RejectionSamplingProperties.eca main properties of abstract EasyCrypt's rejection sampling algorithm.
UniformSampling_Concrete.ec proof that Jasmin's function bn_rsample implements rejection sampling is correctly.
leakage_freeness/ proofs of LF of bn_rsample.
jasmin_extracts/ folder which contains EasyCrypt code automatically extracted by Jasmin compiler.
eclib/ Jasmin's library for EasyCrypt.
definition_analysis/ analysis of constant-time and leakage-freeness definitions (see the paper).
schnorr_protocol/
Abstract_SchnorrProtocol.ec formalization of Schnorr protocol at the "high-level" of abstraction (elements are group elements, exponents are fintie field elements).
Zp_SchnorrProtocol.eca formalization of Schnorr protocol at the "middle-level" of abstraction (elements are finite field elements, exponents are integers).
Zp_Abstract_SchnorrCorrespondance.eca proofs of equivalences between Schnorr procedures at "high-level" and "middle-level".
Zp_SchnorrCompleteness.eca completeness for "middle-level" Schnorr.
Zp_SchnorrExtractability.eca extractability for "middle-level" Schnorr.
Zp_SchnorrZK.eca zero-knowledge for "middle-level" Schnorr.
W64_SchnorrProtocol.ec basic definitions associated with "low-level" (Jasmin extract) implementation of Schnorr protocol.
W64_Zp_SchnorrCorrespondance.eca proofs of equivalences between Schnorr procedures at "middle-level" and "low-level".
W64_SchnorrCompleteness.eca completeness for "low-level" Schnorr.
W64_SchnorrExtractability.eca extractability for "low-level" Schnorr.
W64_SchnorrZK.eca zero-knowledge for "low-level" Schnorr.
W64_SchnorrInstance.ec instantiation of Schnorr protocol and all its properties for particular choice of constants from Constants.ec.
Constants.ec automatically generated file by src/constants.py file which contains Schnorr protocol parameters p (group order),q (exponent order), bp (Barrett factor for p), bq (Barrett factor for q), and g (generator of subgroup of prime order q). Also contains automatically generated proofs that Jasmin functions bn_set_p, bn_set_q, etc. correctly encode the respective values.
ConstantsValidation.ec proofs (based on tacticals) that parameters in Constants.ec are valid (e.g., g is a generator of subgoup of order q, bp is a Barrett parameter for p, etc.).
W64_SchnorrInstance.ec instance of the Schnorr protocol cloned with parameters from Constants.ec.

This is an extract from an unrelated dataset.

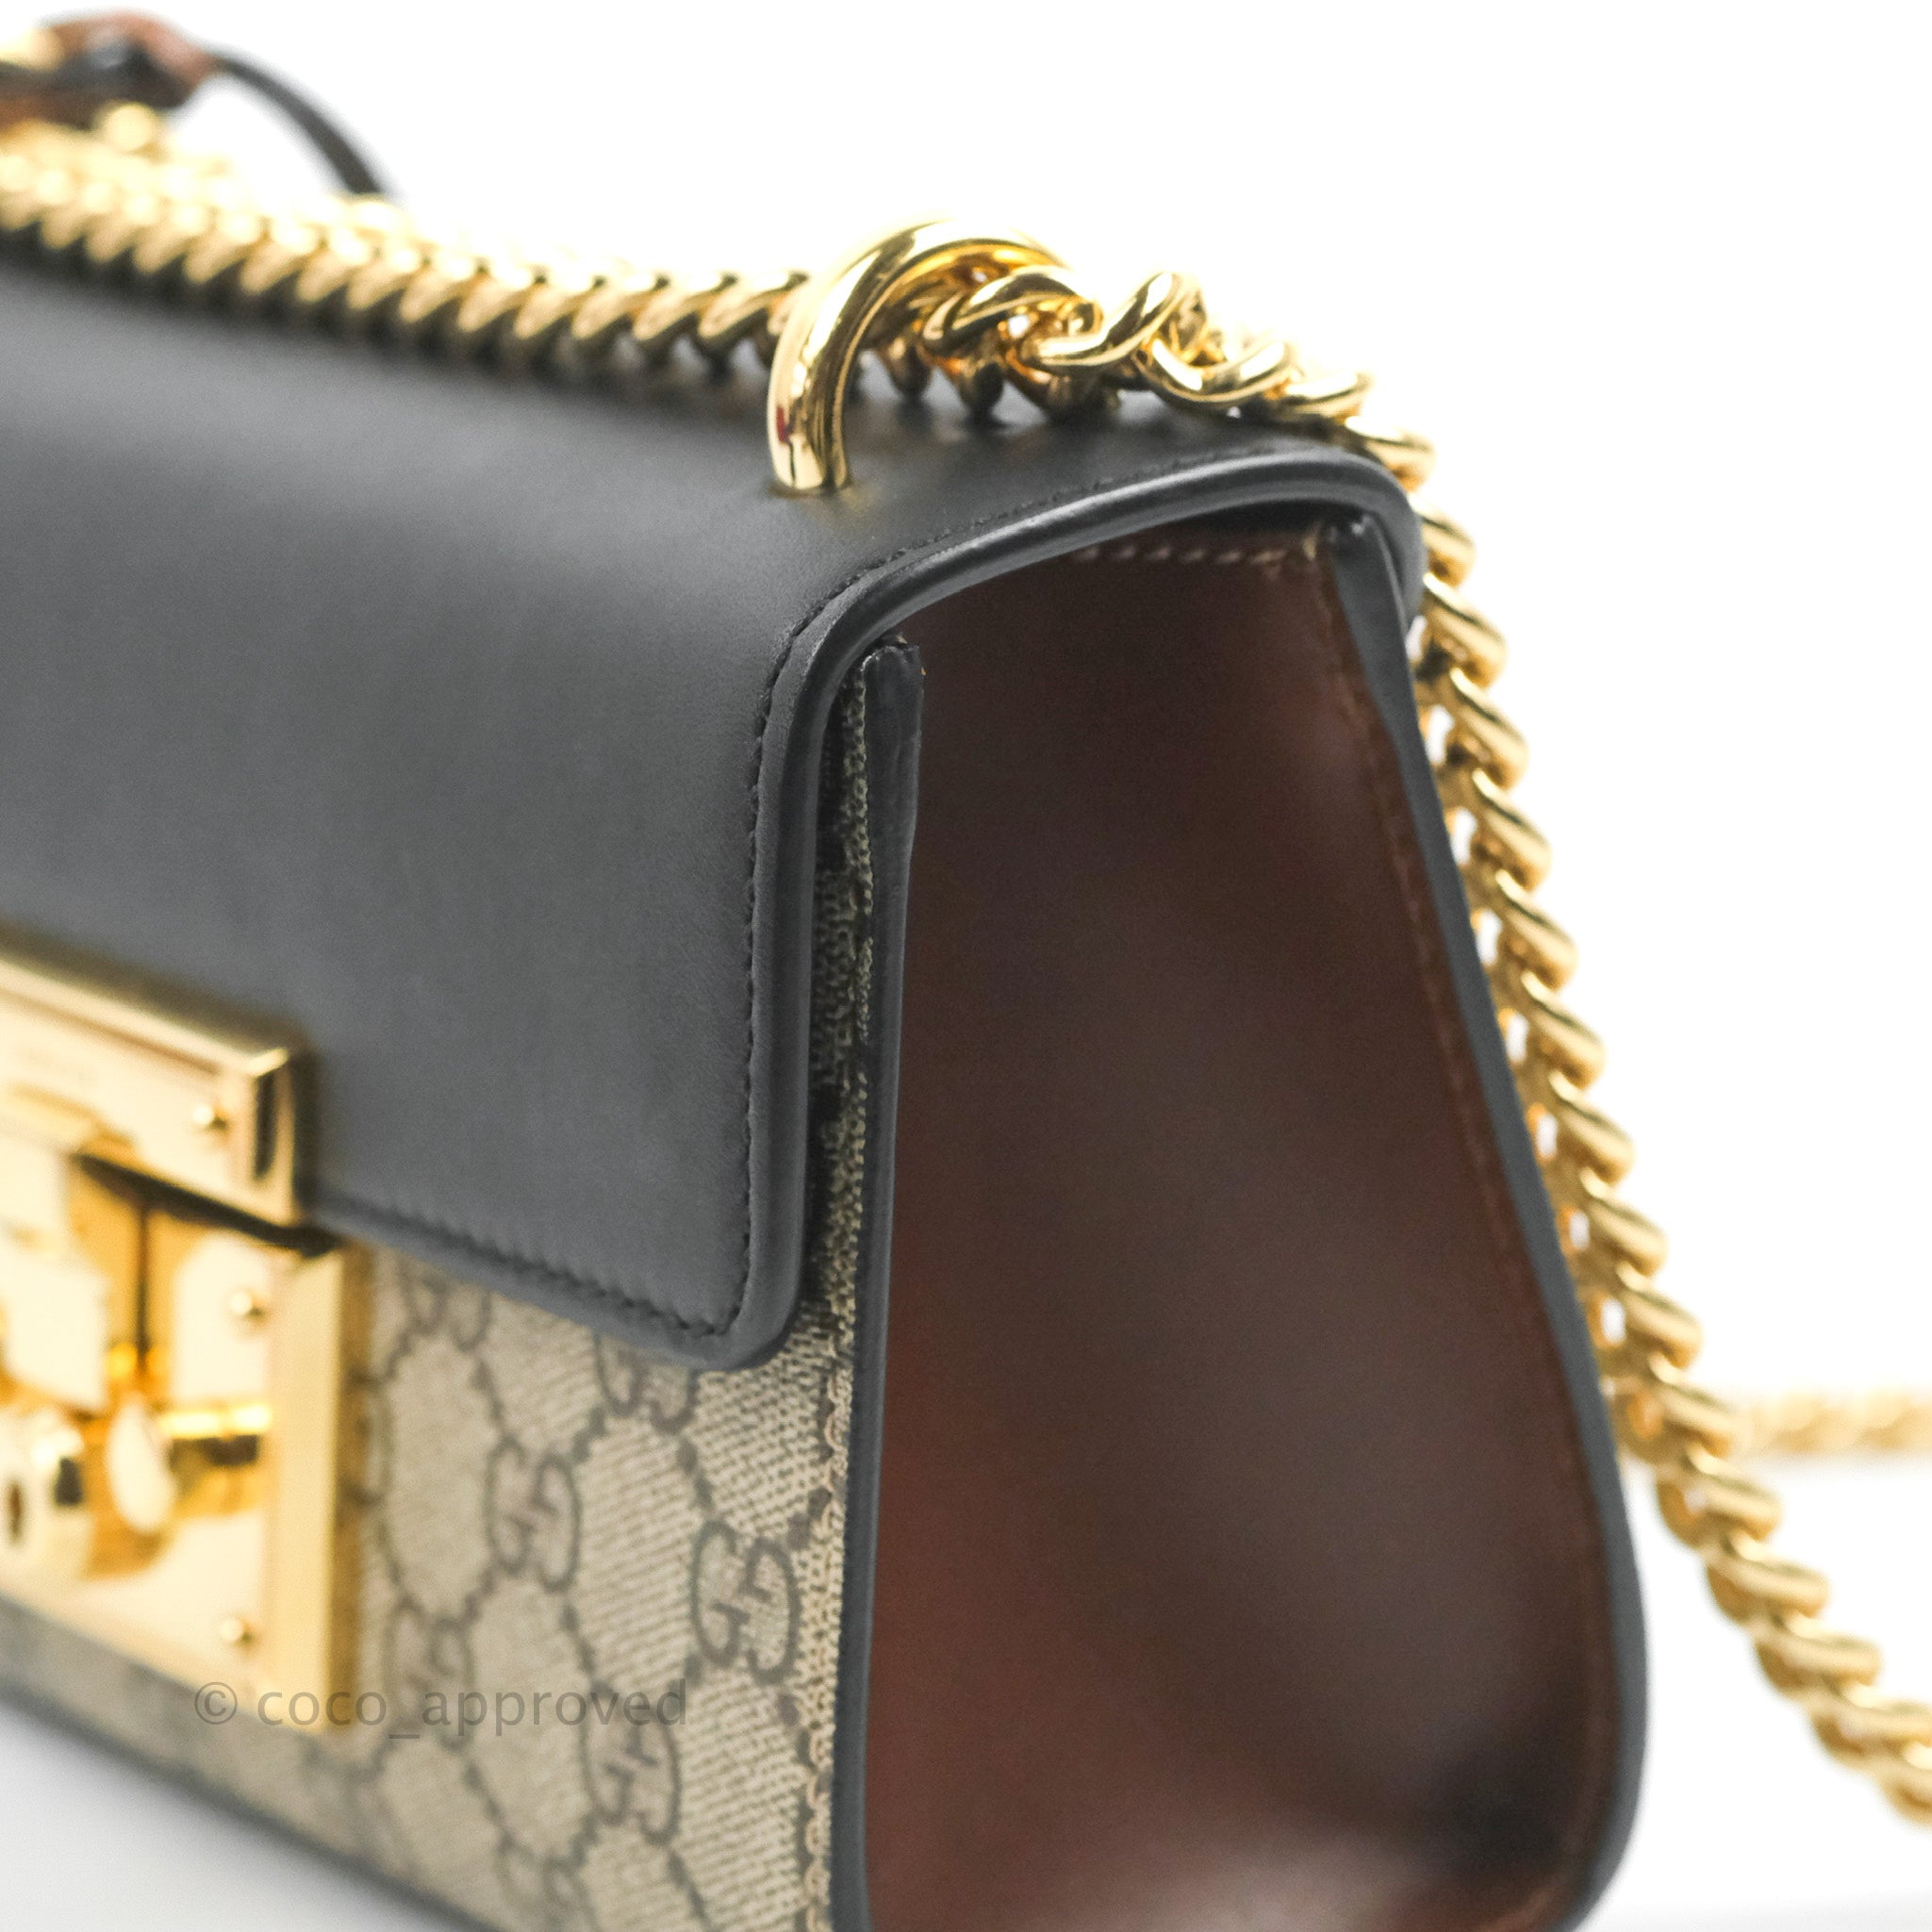 Padlock GG Mini Shoulder Bag in Beige - Gucci

leakage_freeness/ proofs that Jasmin implementation of verify, challenge and response are constant time; challenge is leakage-free.
ZModPStar.eca abstract definition of Zp* through Subtype theory.
easycrypt-zk-code/ contains formalization of zero-knowledge proofs from "D. Firsov, D. Unruh. Zero-Knowledge in EasyCrypt".